Reader Comments (23)

CW: I'm reposting this comment by Akhilleus from late Monday:

And Now a Werd From Prime Minister Buttinsky.

News of a deal between Iran, the US, and various other powers has Bibi waxing bilious, bilious, I say.

For the last few days, he's been stomping around declaiming that if the Iran nuclear deal goes through, it will be the end of the world. Holy Guacmole! Not the End of the World! I hate that!

But today, Prime Minister Buttinsky opened a Twitter account in Farsi to say so to Iran's face, and to warn again that the deal, designed to direct Iran's nuclear ambitions away from Boom-Boom, will do just the opposite and allow Iran to "take over the world" (is this guy for real?).

One problem with the Beeb's tweet? your text to show as a hyperlink It was misspelled.

How does one say "Fuck me!" in Farsi?

One would think that if someone were to open an account in another language to tell those people to eat shit and die, that a native speaker might be consulted to avoid stuff like "syntax errors", right?

Otherwise, you end up looking like this guy.
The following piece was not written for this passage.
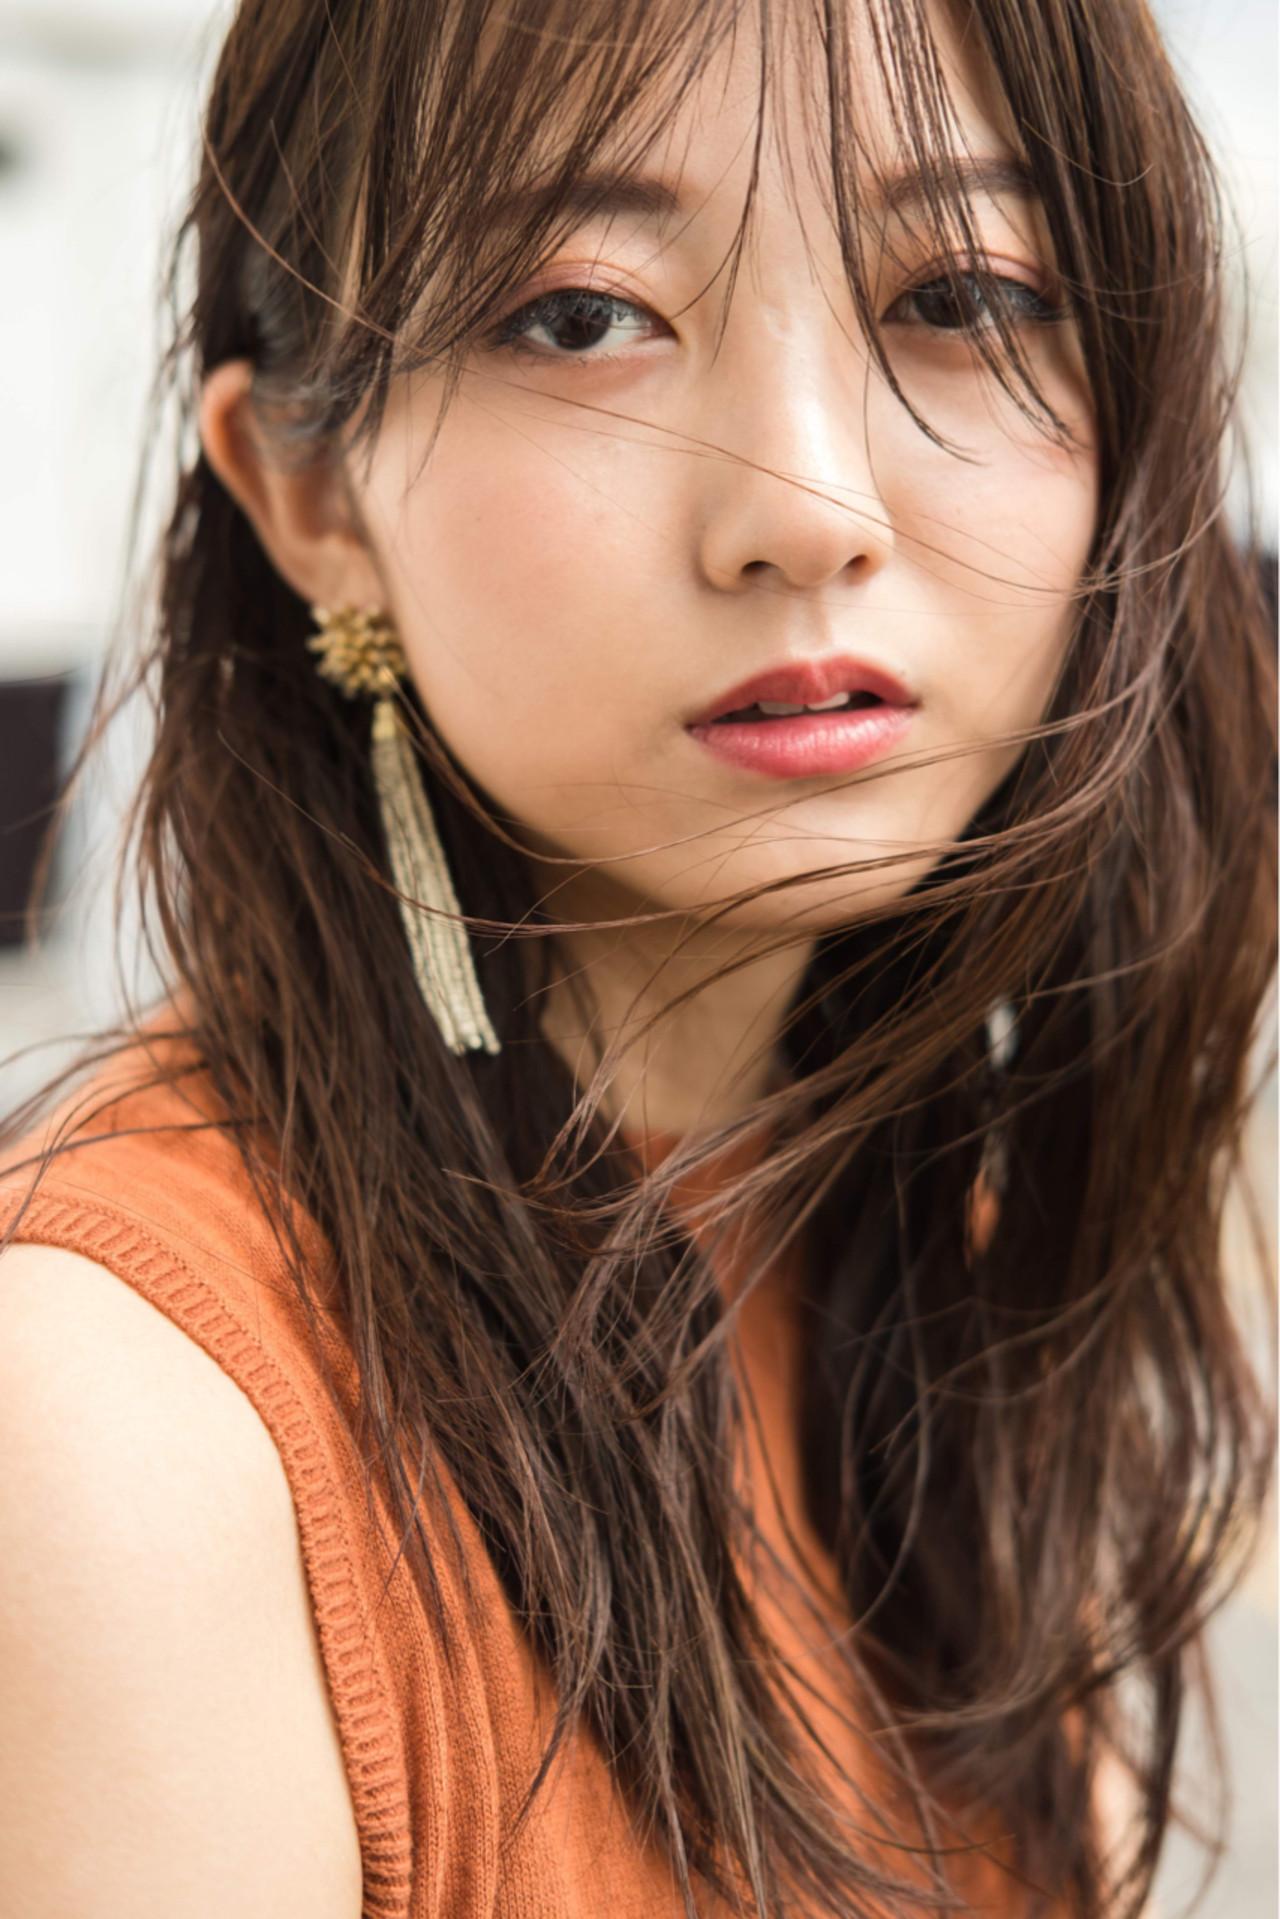 セミロング 大人女子 ナチュラル ストレート ヘアスタイルや髪型の写真・画像 | 川島 ゆり / ROGUE

PM Buttinsky also has to deal now with Israeli groups like Yesh Atid who are calling him on all the jiggery-pokery--(™) A. Scalia--he indulged in to try to kill the Iran deal, like when he came to the US and addressed a joint session of Congress to tell the wingnuts who showed up to blow him that Obama was a baaaaaad man who didn't know what he was doing. These groups now say that since Bibi couldn't deliver on his promise to shove an andiron up the ass of this agreement, he should resign.

Ha! Fat chance.

If that were the case, it would have to follow that every Confederate asshole who showed up to hear a foreign head of state call their president a douchebag would resign too.

Waiting, waiting, waiting.....

Oh, sorry....wayting wayting, wayting.....

Akhilleus

July 13, 2015 | Unregistered CommenterThe Constant Weader

"I am certain: This is God’s plan for me and I am humbled to be a candidate for President of the United States. -- Scott Walker, in an e-mail to supporters"
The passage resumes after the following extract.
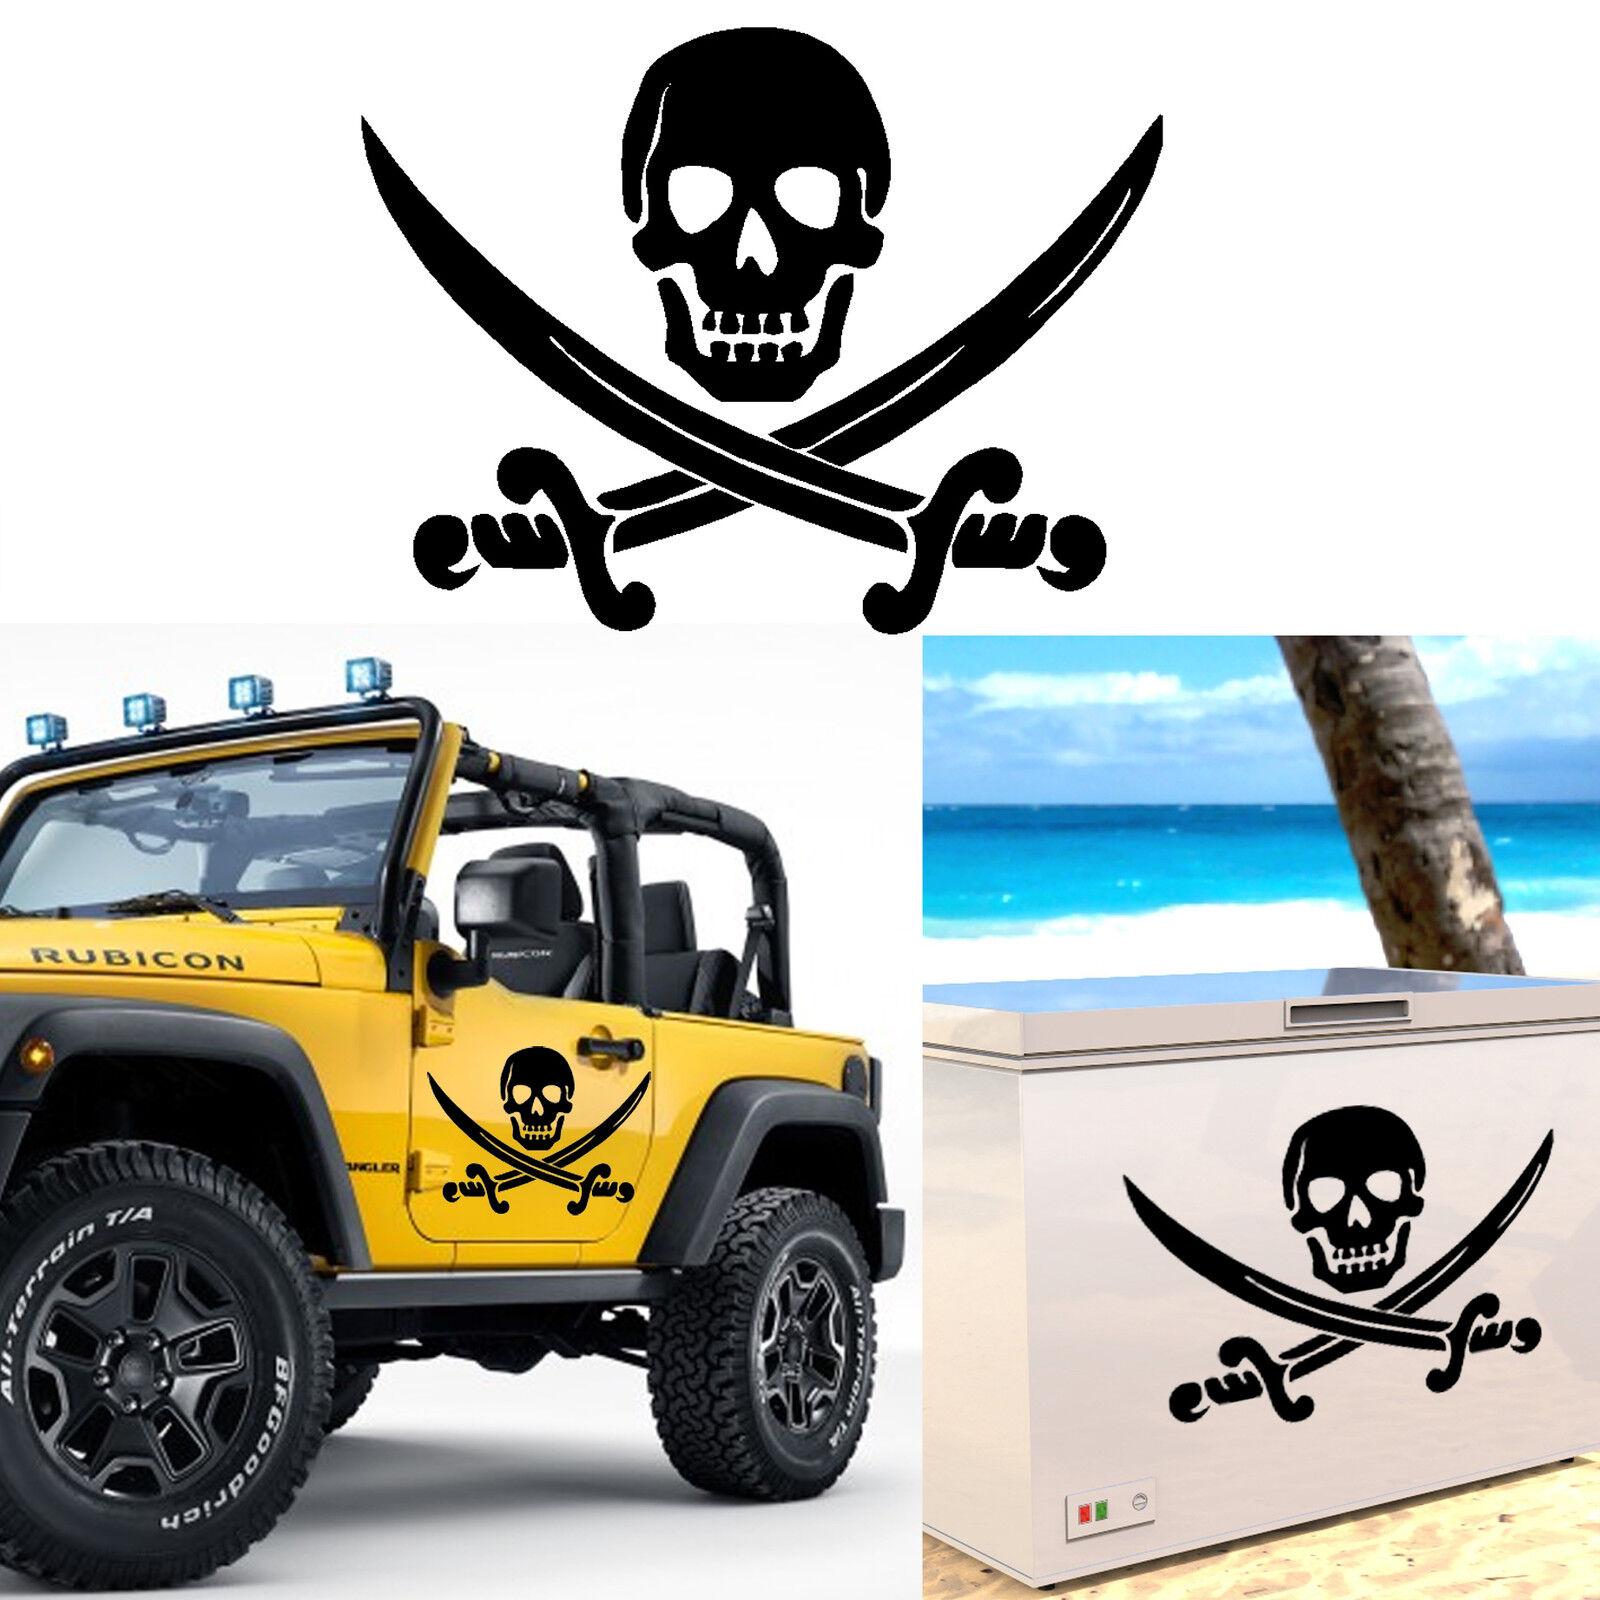 Immagini Di Teschio Pirati dettagli su adesivo vinile taglio teschio pirata. per esterno o interior.  pirate skull

Umm...Scotty sweetheart--I think God is fuckin' with you! He also had a plan for Michele Bachmann, Mike Huckabeebee, Rick Sanitarium, and Herman Cain--to name but a few. And how did that turn out? Maybe God is a "positive psychopath" who promises good things to bad people, and sits up there on his golden throne and laughs his balls off. Or maybe he just likes shittin' around and sees a real cornfed sucker, who needs to go back to Marquette, finish his degree and stop messing up great universities. Anyway, lottsa luck, you silly prick. You're gonna need it. Some of us are gonna vote for Hillary--even though we don't much like her and think she is fairly phony. Because.....Supreme Court.

Remember the Supremes.

July 14, 2015 | Unregistered CommenterKate Madison

A year of mourning? Presumably that will include a commissioner uniform of starched and ironed white shirts, black two or three piece suits and the latest in sober ties, worn each day, all Missouri summer long...

The flag didn't make the SCOTUS decision; nor it declare a year of mourning. The flag is not the source of their unhappiness, but they'll punish it anyway. It's the Republican Way.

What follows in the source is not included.